Schroeder: They tell you all the time that the Rohingya don’t exist, that they are a recent invention, that they are really Bengalis, and then I suddenly come up with proof from this documentary for French television about how the Rohingya have been chased from their lands, burned out of their homes, 300,000 of them.

You are suddenly in this big flashback, and you realize that this discrimination has been going on a long time, and that it’s going to happen one way or another. No matter what.

So because of the attention of the world, the Myanmar authorities have had to offer to accept back the 300,000 refugees. But now it’s much worse because their villages are burned and they will be moved to these camps. Most of the Rohingya will never want to come back anyway.

Filmmaker: You include horrifying footage of violence against the Rohingya. Where did it come from?

Schroeder: Very simple. We live in the time of the iPhone. And whenever something awful happens to you, you will get your iPhone out and you will film it. And if it’s truly outrageous, you will try to give it to someone who will spread it around. So I had access to people who are distributing those clips that initially were made by the victims. And on the ground I was meeting people, some people were coming to me saying “I’ve got stuff for you” and so on. It’s organic, it builds up with relationships. One of the big helpers of the movie is Fortify Rights, an absolutely extraordinary organization. They were a big help.

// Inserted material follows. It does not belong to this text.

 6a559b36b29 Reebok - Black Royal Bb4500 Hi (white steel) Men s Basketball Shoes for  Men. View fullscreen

Filmmaker: How did you shoot Wirathu’s sermons? He’s making these incendiary statements in front of huge crowds, and you’re right there.

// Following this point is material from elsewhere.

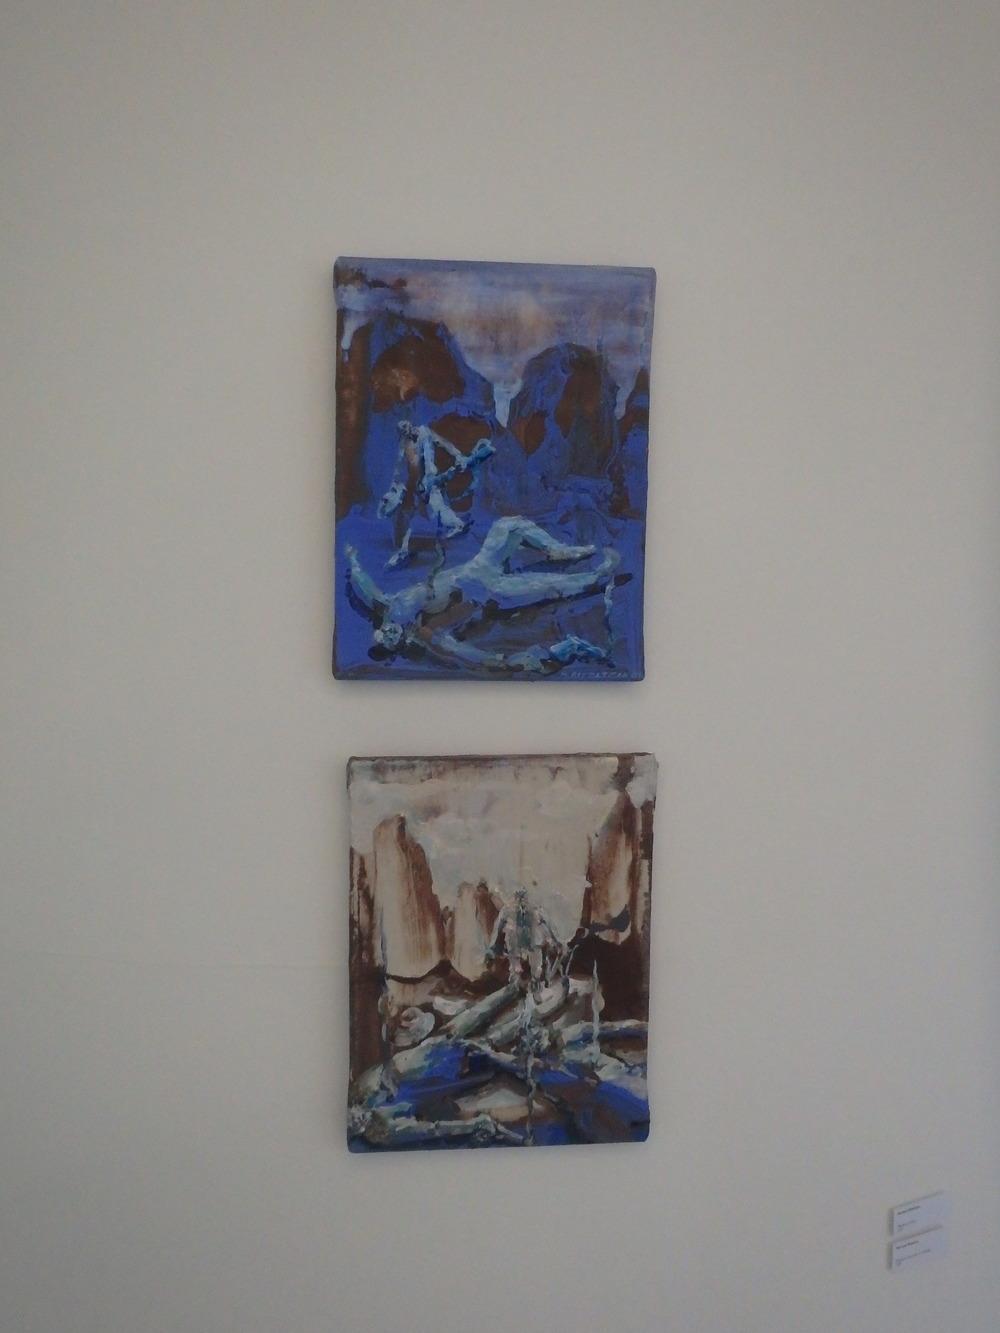 Michael Rittstein, Předání peněz, 2011, plátno, akryl, 30 x 40 cm 32 500 Kč    Michael Rittstein, Předání (dopadlo to dobře), 2011, plátno, akryl, 30 x 40 cm

Schroeder: We had these two cameras, 4K resolution, so small they could fit in a handbag. We didn’t need any lighting, and we had super-expensive German mics. So we were completely free, we were able to look like a couple of tourists.

Filmmaker: Did you think you were in any danger?

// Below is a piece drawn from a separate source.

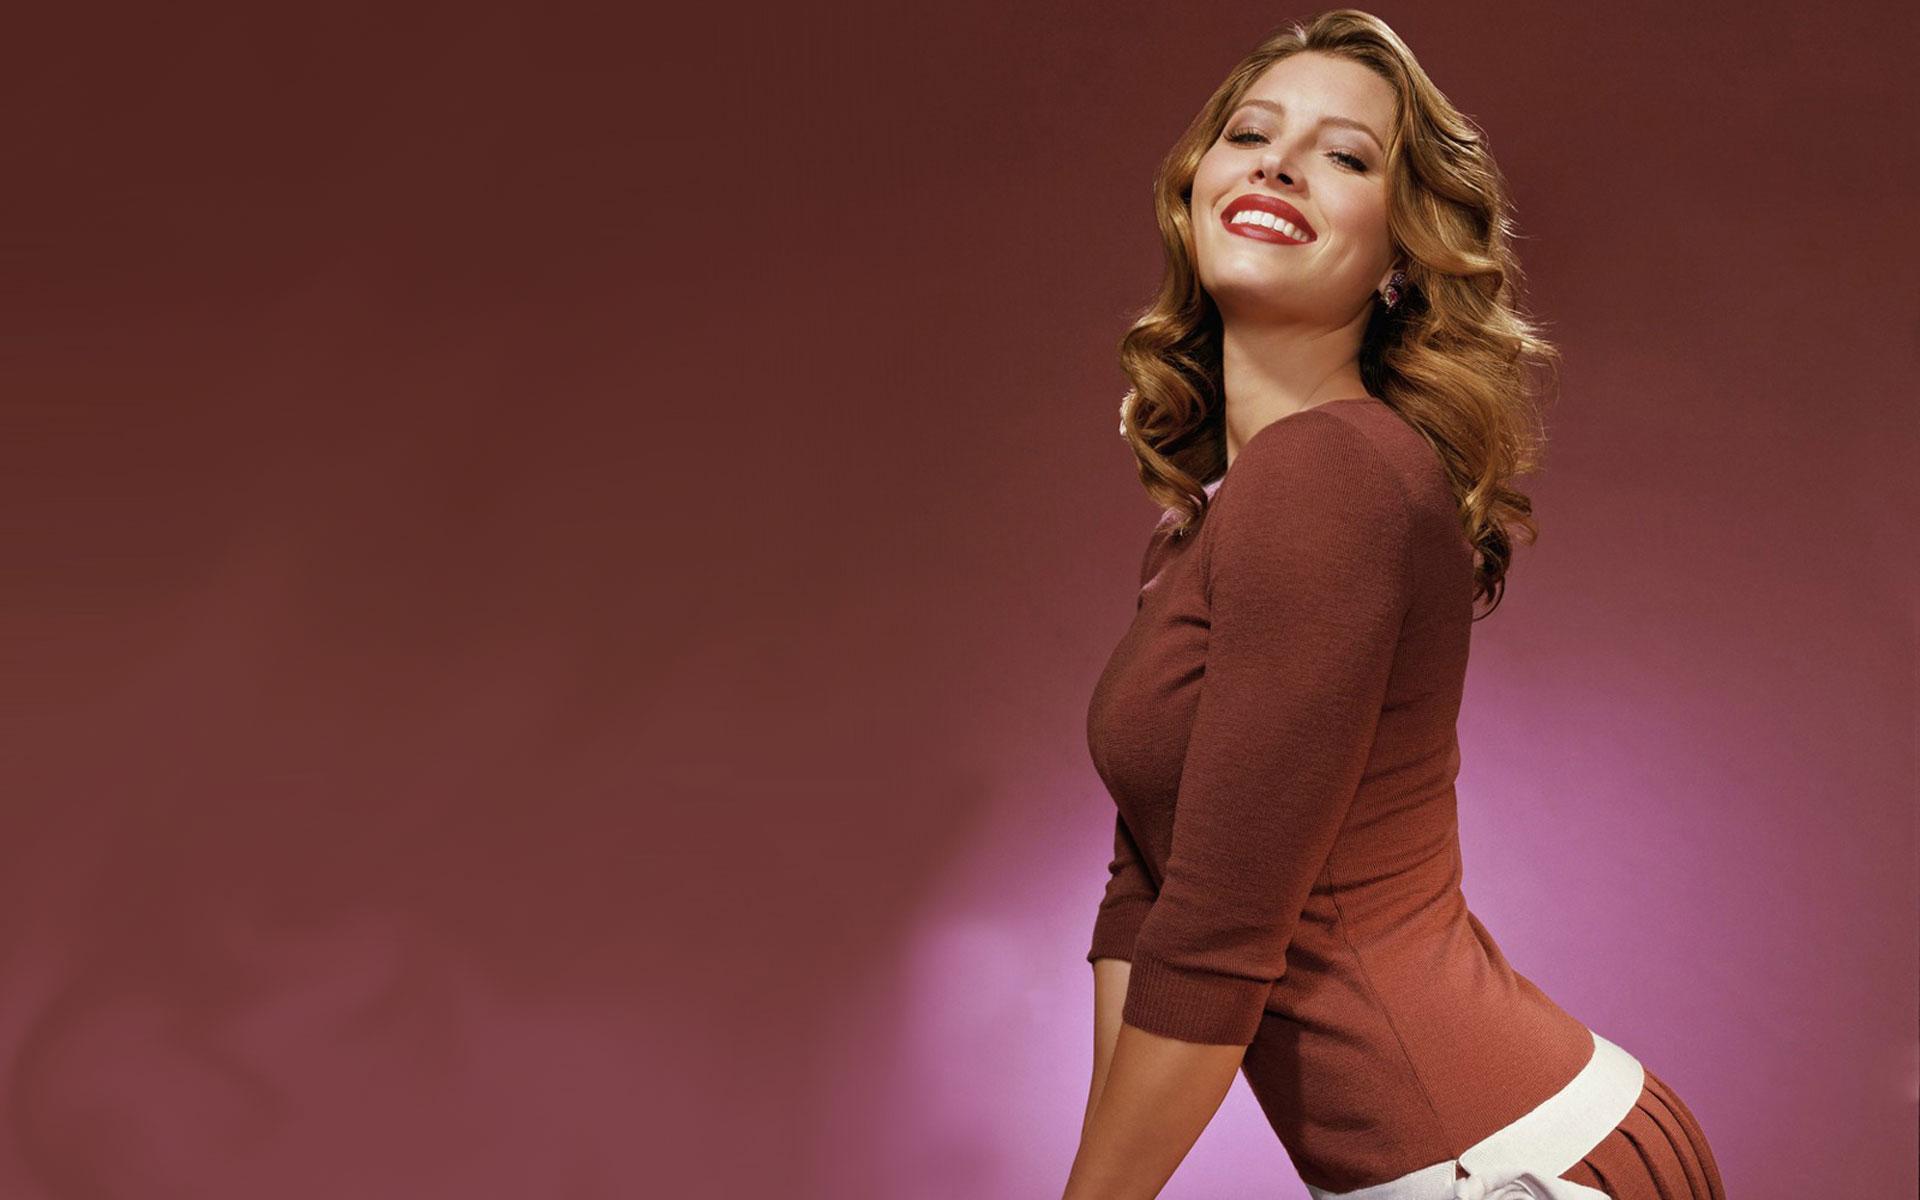 Jessica Biel Red Lip Images - Facebook Cover - PoPoPics.com Jessica Biel

Schroeder: At one point, yes. At one point I got a text telling me they know exactly what you are doing, and they have a pile of photos of you filming. So then I thought that maybe it was the time to go. [laughing] When they said “they,” that was the military police. So this was no joke. At the time I didn’t really realize how dangerous it was because I was thinking that The Lady [Aung San Suu Kyi] would protect me in case I got in trouble. Little did I know that she was going to be the one sending journalists to jail, journalists from Reuters just doing their work. [Wa Lone and Kyaw Soe Oo were arrested on December 17, 2017, while reporting on the massacre of ten Rohingya in Rakhine. In September, 2018, they were sentenced to seven years in jail.]

Counting on the protection of The Lady was totally absurd, I was really naive. It took a little time for me to understand that. Once I was doing the editing and accessing her Internet site where she repeats fake rape claims and the “proof” that Rohingya are setting fire to their own homes, then I could see that she is cooperating heavily with the military propaganda. If you listen her Singapore speech, she acts like she’s just trying to do good, she’s just trying to have the constitution changed for the best. She’s trying to get all the Rohingya back in the country, they’ve already constructed “houses” for them.

That’s why I think you learn so much from making this kind of movie. You realize to what extent those in power can lie and try to fool you about their action and goals.